Platform should therefore be set to "All" or (if you think the fix for Linux and Windows is different) be split in one Windows and one Linux bug.


PS: It is also worth noting that on the above site Firefox uses over 1 GB of memory, but Internet Explorer 8 uses only about 750 MB. Also, Firefox becomes basically unusable (until you switch tabs and Firefox frees the memory) while IE stays responsive.
Is there a bug where I can add a comment or should I file an additional bug for this?
Comment 8 Nicholas Nethercote [:njn] 2011-07-07 16:33:59 PDT
(In reply to comment #7)
>
> PS: It is also worth noting that on the above site Firefox uses over 1 GB of
> memory, but Internet Explorer 8 uses only about 750 MB. Also, Firefox
> becomes basically unusable (until you switch tabs and Firefox frees the
> memory) while IE stays responsive.
> Is there a bug where I can add a comment or should I file an additional bug
> for this?

Bug 660577 is open for excessive memory usage on image-heavy sites.  As for the part about it making Firefox unusable, there's a good chance that's due to paging -- could you tell if that was the case?  Eg. was your hard disk going crazy?
Comment 9 Justin Lebar (not reading bugmail) 2011-07-07 16:54:52 PDT
You can also view hard page faults from the system monitor. start -> run -> perfmon.msc.  Hard page faults (aka major page faults) is under the "memory" category.
Comment 10 Andreas Jung 2011-07-08 15:03:17 PDT
(In reply to comment #8)
> Bug 660577 is open for excessive memory usage on image-heavy sites.  As for
> the part about it making Firefox unusable, there's a good chance that's due
> to paging -- could you tell if that was the case?  Eg. was your hard disk
> going crazy?

Answer is in bug 660577 comment #92 (it seemed too off-topic in this bug).
Comment 11 Justin Lebar (not reading bugmail) 2011-07-11 15:52:25 PDT
Created attachment 545273 [details] [diff] [review]
Part 1, v1
Comment 12 Justin Lebar (not reading bugmail) 2011-07-11 15:54:31 PDT
Created attachment 545274 [details] [diff] [review]
Part 2, v1
Comment 13 Justin Lebar (not reading bugmail) 2011-07-11 15:55:34 PDT
This works on my Linux box.  I'll start looking at other platforms now.
Comment 14 Nicholas Nethercote [:njn] 2011-07-11 16:51:53 PDT
Comment on attachment 545274 [details] [diff] [review]
Part 2, v1

Review of attachment 545274 [details] [diff] [review]:
-----------------------------------------------------------------

This seems ok, though I don't understand the *XlibSurface.* changes.  I'd like to see patches for other platforms before it lands, though.

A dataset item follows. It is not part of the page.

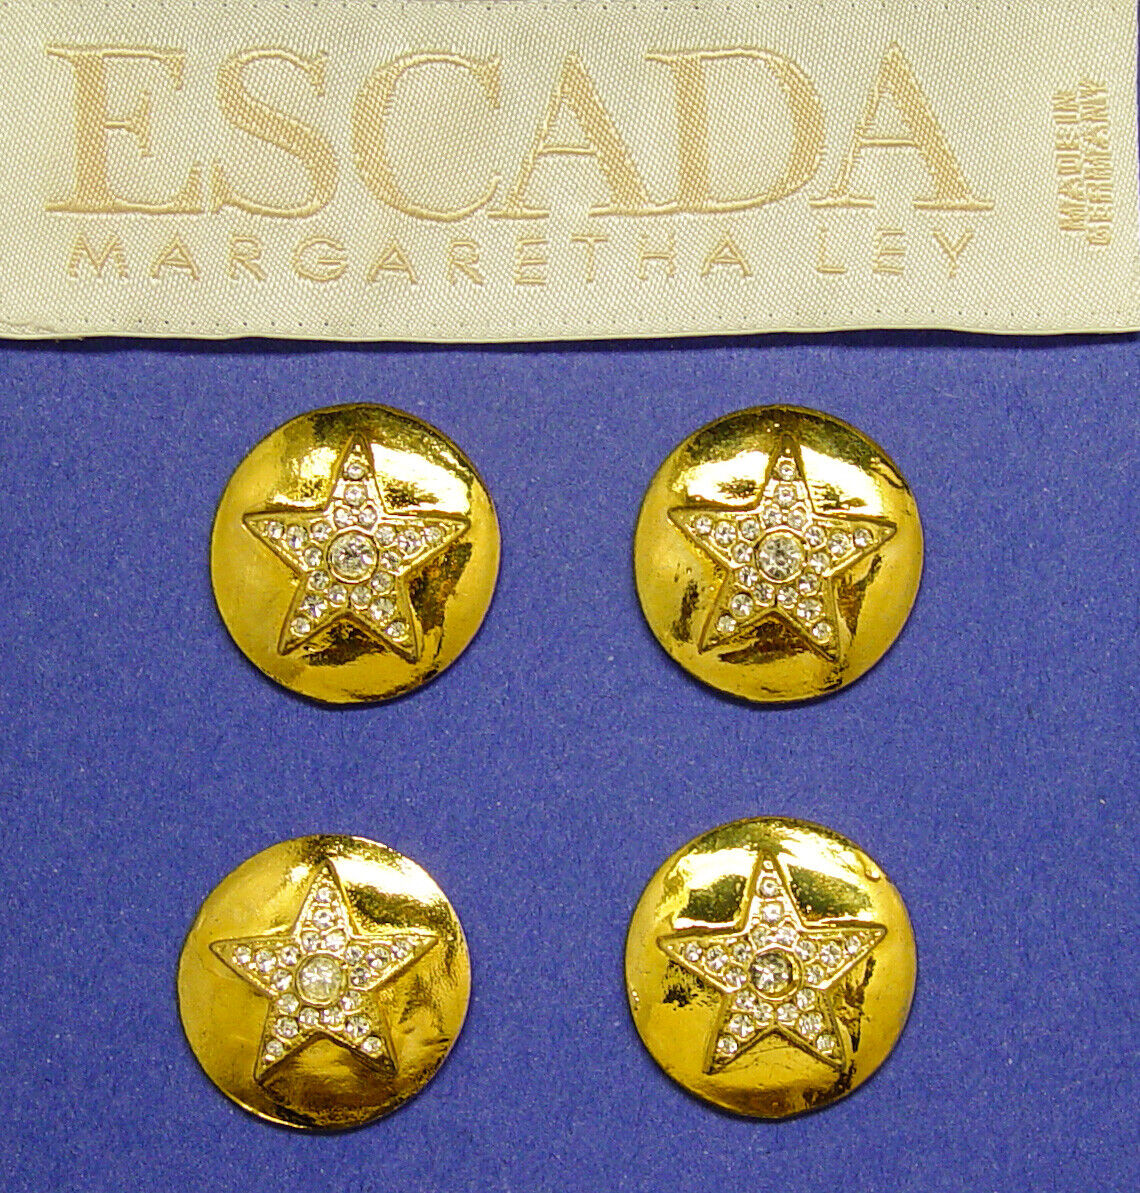  4 ESCADA BIG RHINESTONE STAR GOLD TONE METAL REPLACEMENT BUTTONS GOOD USED COND
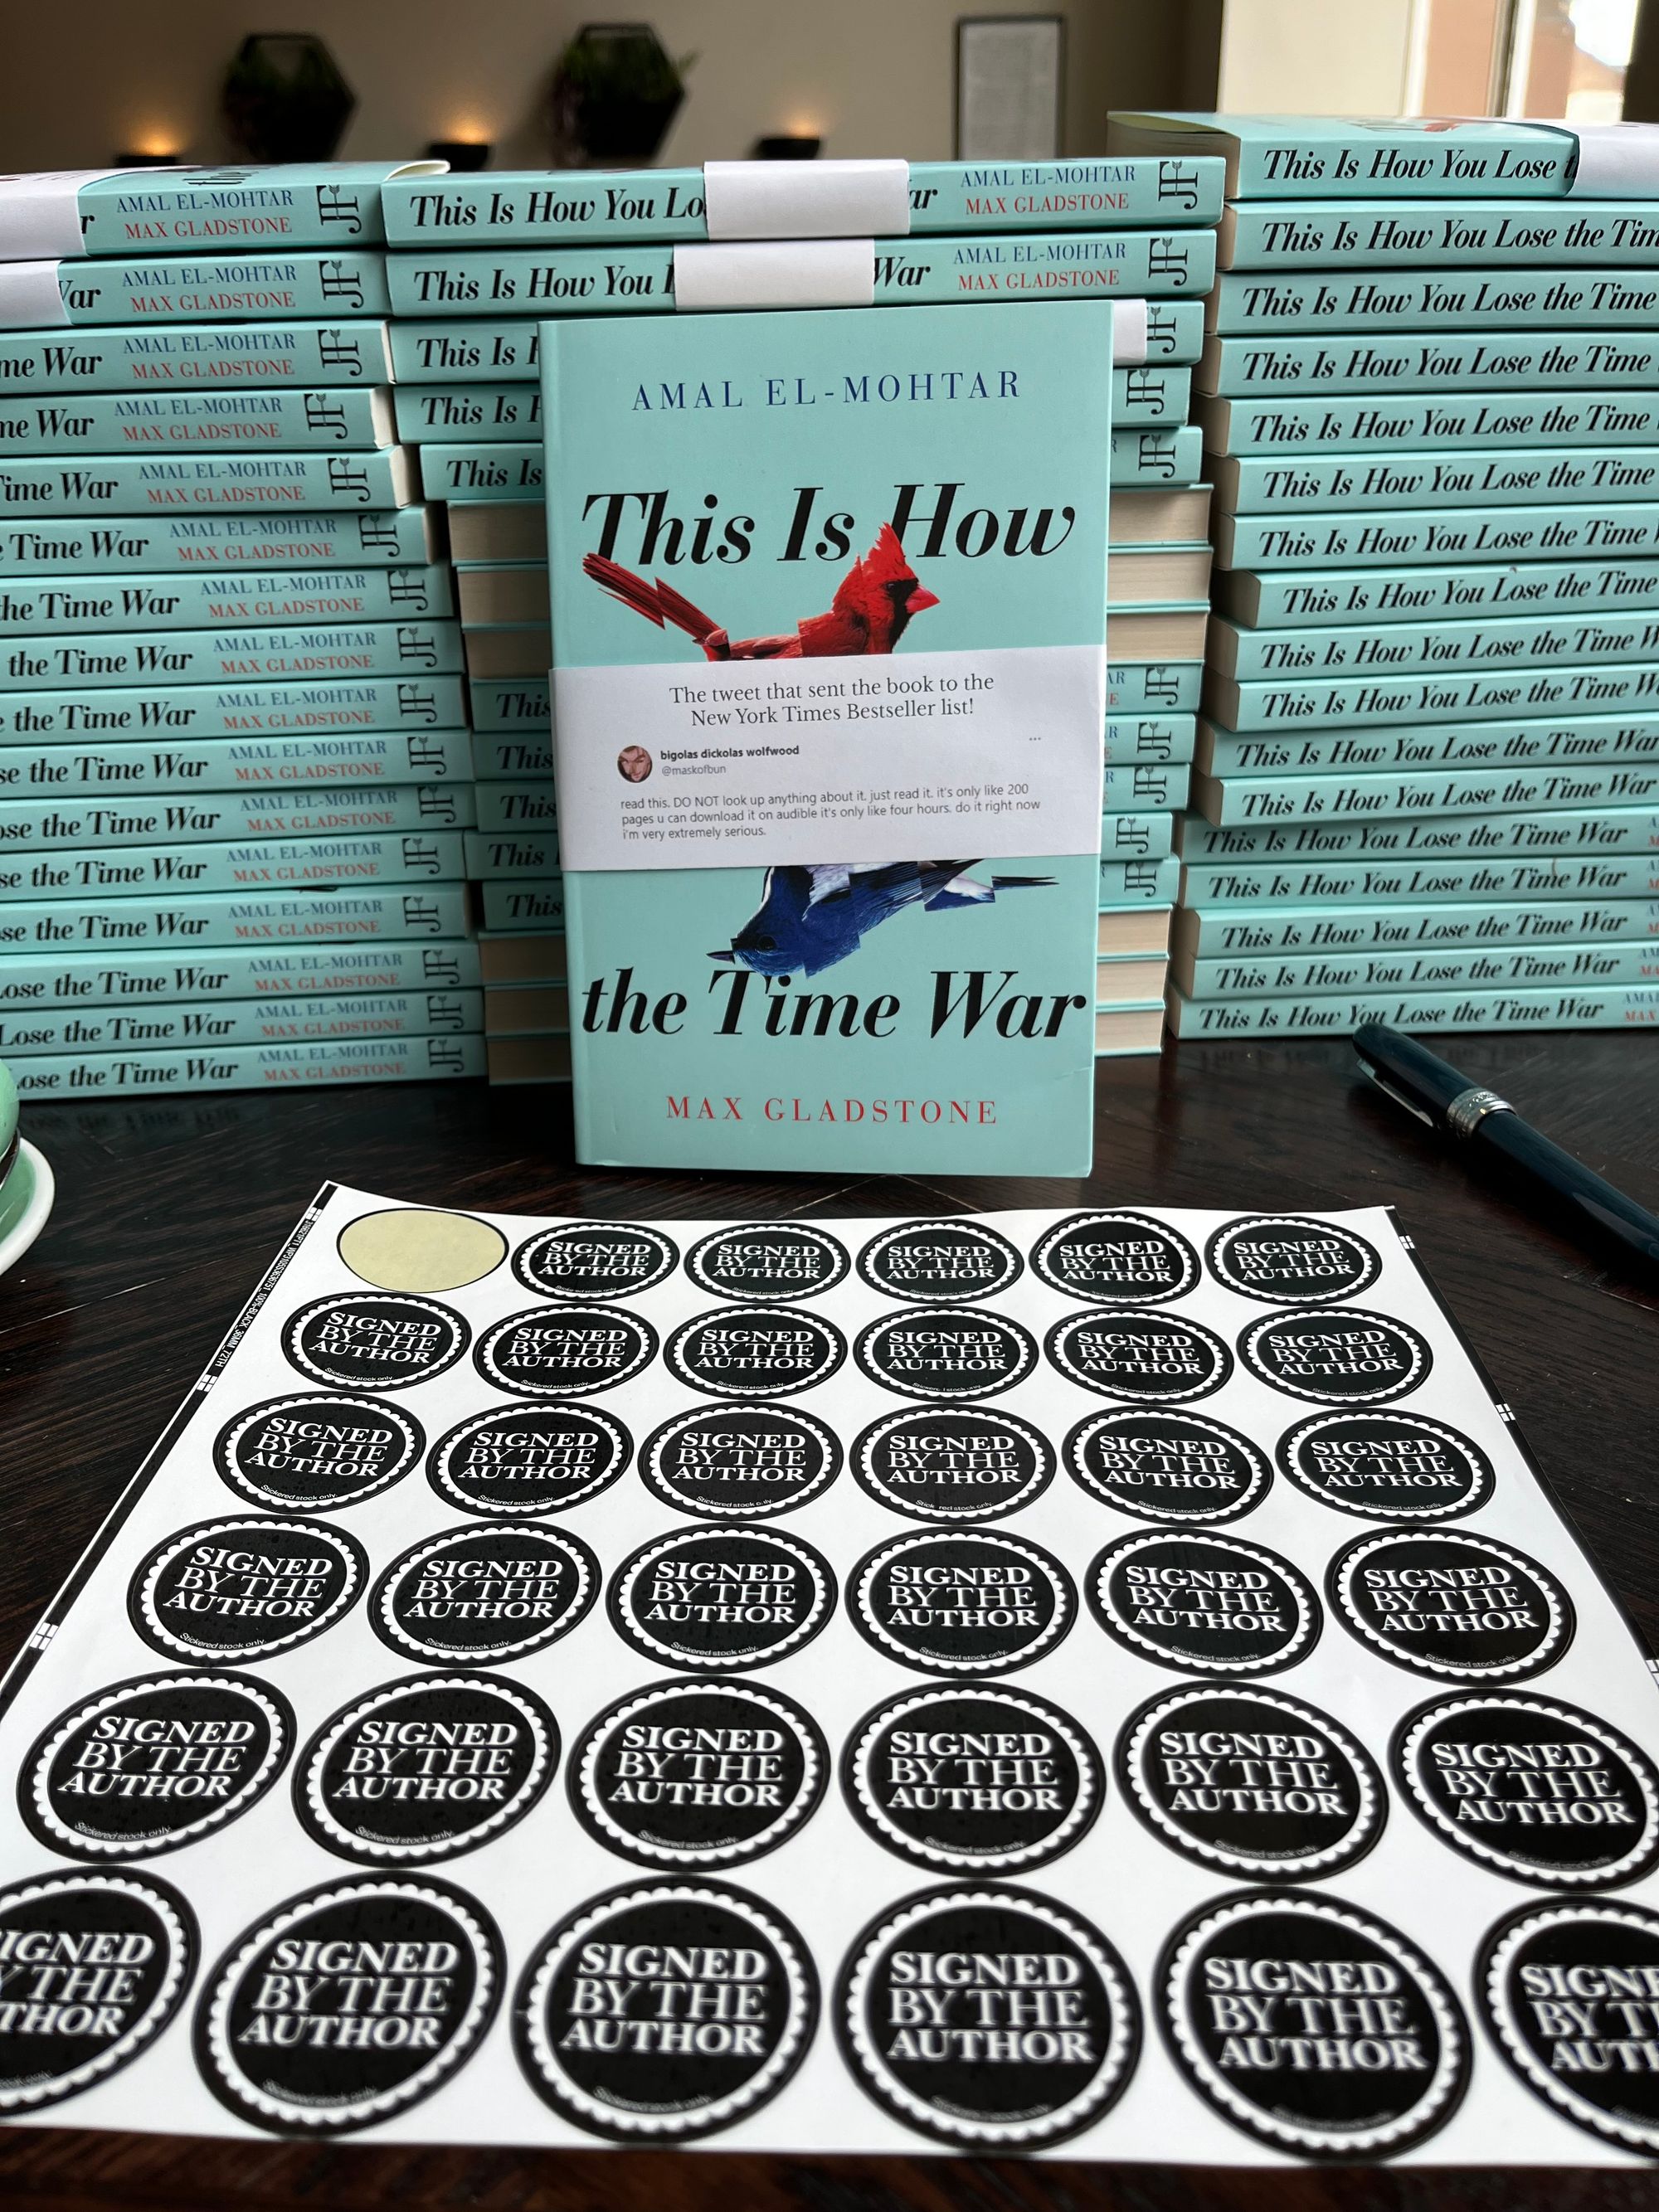 Roughly fifty paperback copies of This Is How You Lose the Time War arranged in three equal stacks on a table, with one copy faced out in front of them, displaying a printed sleeve of Bigolas Dickolas Wolfwood’s infamous tweet recommending the book. In the foreground is a sheet of Signed by the Author stickers to be put on the books once I’ve signed them.

::: gfx/thebes/gfxASurface.cpp
@@ +542,5 @@
>  
>  /** Memory reporting **/
>  
> +static const char *sDefaultSurfaceDescription =
> +    "Memory used by gfx surface of the given type";

Period needed at the end of the sentence.

@@ +545,5 @@
> +static const char *sDefaultSurfaceDescription =
> +    "Memory used by gfx surface of the given type";
> +
> +// {reporter name, reporter description (or null for default) }
> +static const char *sSurfaceMemoryReporterAttrs[][2] = {

Using a two-element array is a bit gross.  I'd prefer a struct with "name" and "description" fields.

@@ +553,5 @@
> +    {"gfx-surface-xlib",
> +     "Memory used by xlib surfaces to store pixmaps. This memory lives in "
> +     "the X server's process rather than in this application, so the bytes "
> +     "accounted for here aren't counted in vsize, resident, explicit, or any of "
> +     "the other measurements on this page."},

This description only makes sense if gfx-surface-xlib only occurs on Linux.  I guess that is the case?
Comment 15 Justin Lebar (not reading bugmail) 2011-07-11 16:59:05 PDT
> This seems ok, though I don't understand the *XlibSurface.* changes.

Yeah, a gfx peer needs to have a look.  I don't pretend to know what I'm doing.  :)

>> +static const char *sDefaultSurfaceDescription =
>> +    "Memory used by gfx surface of the given type";

> Period needed at the end of the sentence.

It's not a sentence.  :)  But I guess all the other reporters start with a sentence fragment followed by a period, so this one should too.
Comment 16 Justin Lebar (not reading bugmail) 2011-07-11 17:21:33 PDT
> This description only makes sense if gfx-surface-xlib only occurs on Linux.  I 
> guess that is the case?

Why is that?  gfx-surface-xlib occurs only where X is present, of course, but does it have to be specifically Linux?
Comment 17 Nicholas Nethercote [:njn] 2011-07-11 17:33:39 PDT
(In reply to comment #16)
> 
> Why is that?  gfx-surface-xlib occurs only where X is present, of course,
> but does it have to be specifically Linux?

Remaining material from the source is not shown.